An early step in working with hospital IT should be to create a map of wireless network signal strength throughout the ED or other location where Glass might be used. Many of Glass’s key features are dependent on strong wireless signals; determining the “dead zones” where the device might fail will improve the operability of Glass. As for Bluetooth tethering, although alternatives to the standard 802.15 Bluetooth network and wireless standards exist, their utility for connecting a wearable device has not been explored. ZigBee, a low frequency 802.15 wireless standard that uses less battery operating power than Bluetooth, while providing an effective range of 10 to 100 meters, may be an alternative down the road. But in our experience, working with hospital IT personnel to give Glass priority within the hospital network, by creating a static IP address for the device (known as “whitelisting”) greatly enhanced stability of data transmission.

EPM: I remember, a few years ago, when I’d pull my iPad from my white coat, patients used to get amazed (less so, today). certainly Glass is cutting-edge, but also maybe more off-putting than other tech. How have patients responded to seeing this device on their doctor’s face?

We are still in the midst of our study, but anecdotally, patients love it! They are excited by the prospect that during their ED visit, they “see” a dermatologist virtually and are given real-time recommendations at the bedside. As opposed to the current practice of typing charts on laptops, desktops, or tablets while talking to patients, Glass seems to bring a personal touch back to medical consultations, by permitting providers to continue to interact normally with the patient. Utilizing an unobtrusive wearable technology, such as Glass, and giving patients the opportunity to express concerns directly to their consultants have helped to bring the patient back into the center of the healthcare encounter. Also, our study participants have remarked that they are confident in the technology used by Pristine to protect their privacy.

Our hospital currently has a policy that prohibits patients from photographing or videotaping their course of patient care. If patients were wearing Glass and actively taped their encounter or walk through the ED, it would violate the privacy of other patients in the department. Glass is going to usher a whole new world in healthcare and privacy concerns. We’re interested and excited to see where this takes us.

We believe “wearable technology” is here to stay and has numerous potential applications before, during, and after the ED visit. Whether Glass will be the best platform remains to be seen. Hardware issues, such as video quality and wireless connectivity, have been the main hurdles we have faced in the current study. Each novel application for Glass will require validation. Our experience has reinforced the importance of gathering data while experimenting with new technologies.

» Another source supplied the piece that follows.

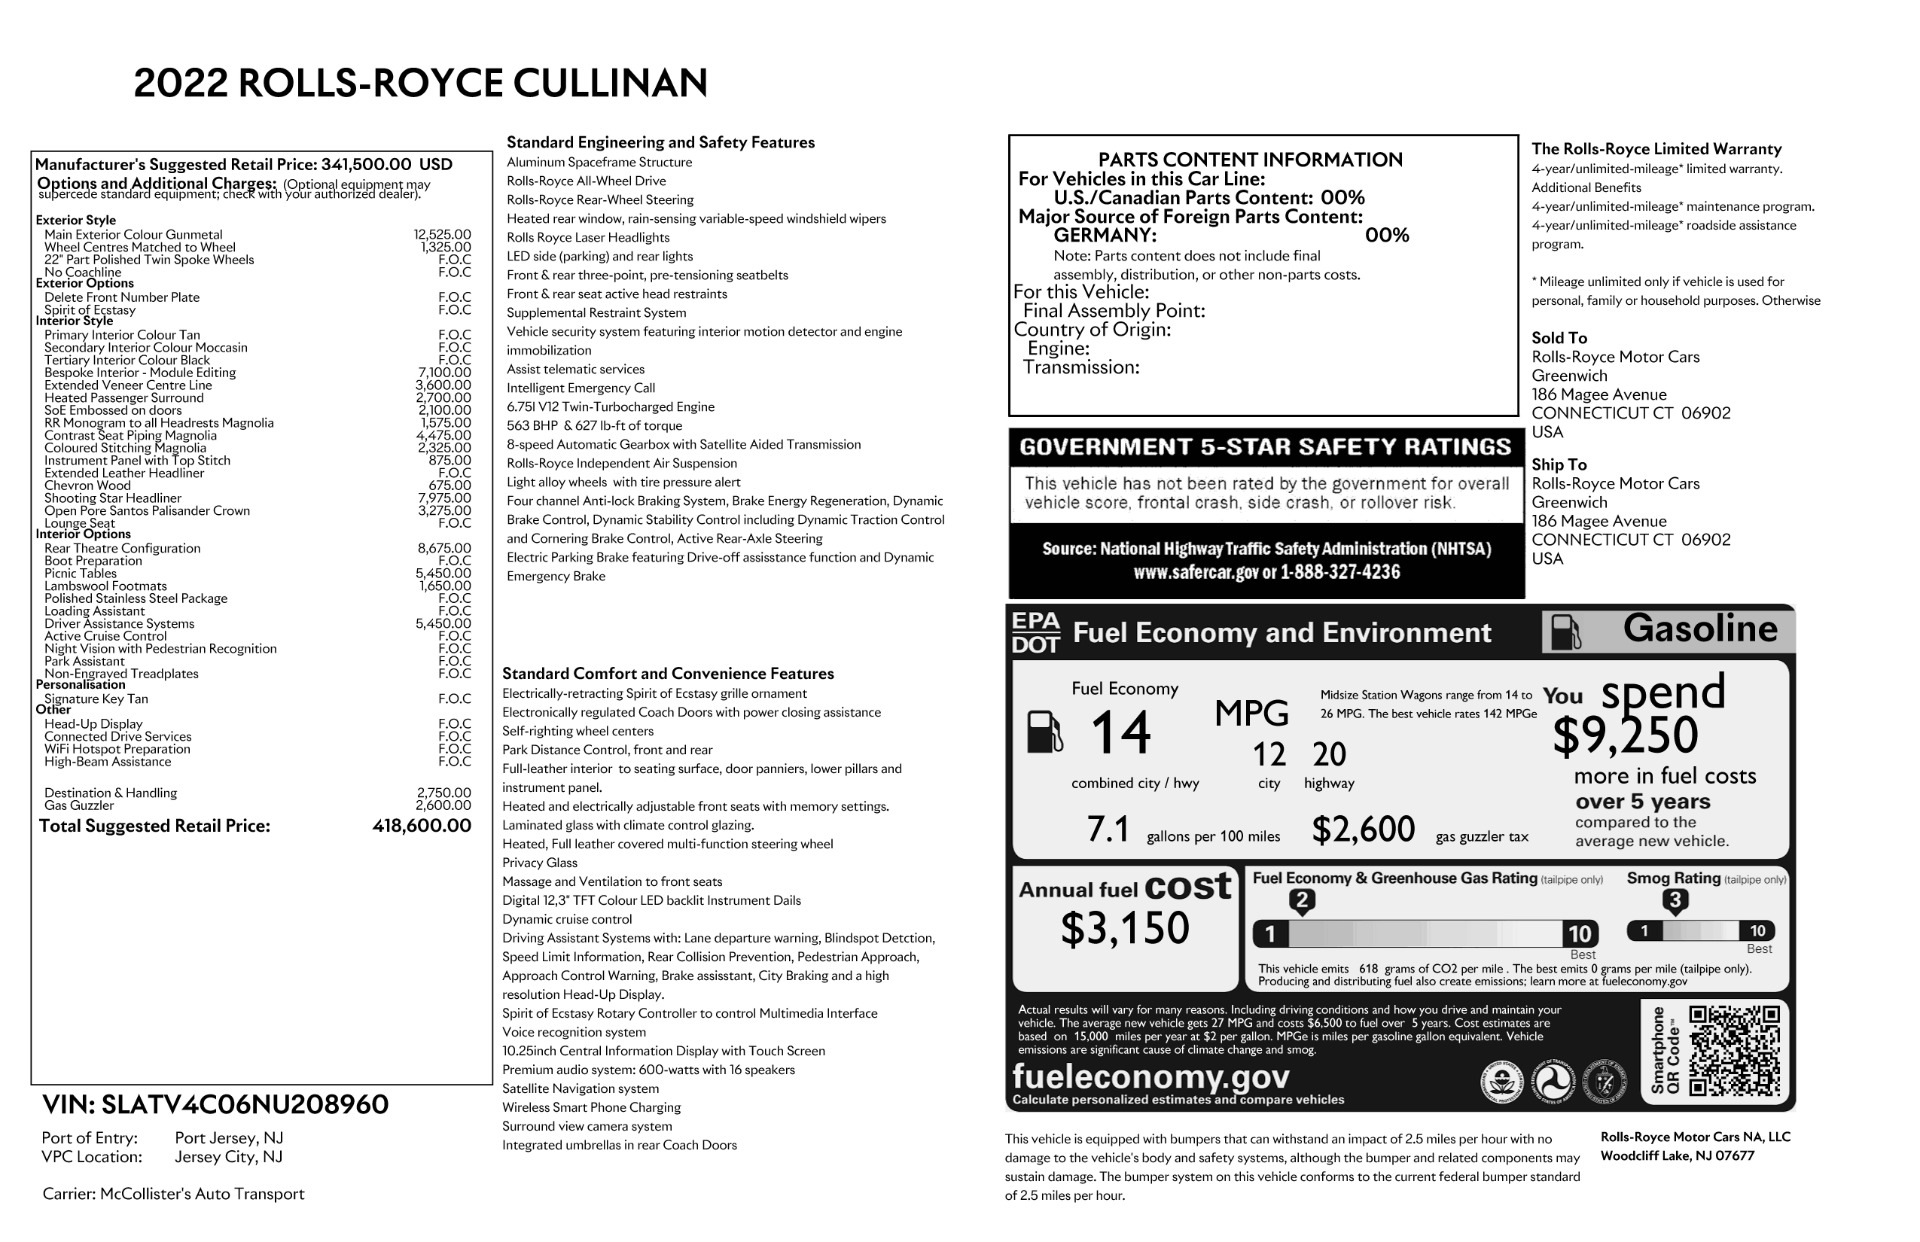 New-2022-Rolls-Royce-Cullinan

In the digital health field, we need to address very real issues around comparative effectiveness, acceptability, and cost. By conducting this pilot in conjunction with data collection, we are hopefully facilitating the next generation of wearable technology in the ED setting. We are confident that technology is going to transform our provision of care – but are not yet sure that Glass is the best/last medium for do- ing so. This is why we’re rolling it out as a pilot rather than as an ED-wide venture. This pilot has allowed us to dream big, but we are always looking for the next big thing.

1 Comment

  1. Speaking as a consumer of American health care, if a potentially examining provider approaches me wearing this or similar Borgish headgear, I will demand that it be immediately removed. If that’s not done, I will (as possible*) immediately get up and leave, and thereafter report my HIPAA/HITECH concerns to appropriate authorities. The current state of EHR (in)security is INADEQUATE for me and many other reasonable pts to allow use of this technology without first thoroughly discussing the matter with the potential provider. I speculate that the 4.5 million recently hacked CHS pts would share this sentiment.

    * Yes, if one’s critical in the ED, one mightn’t have wherewithal to up and leave.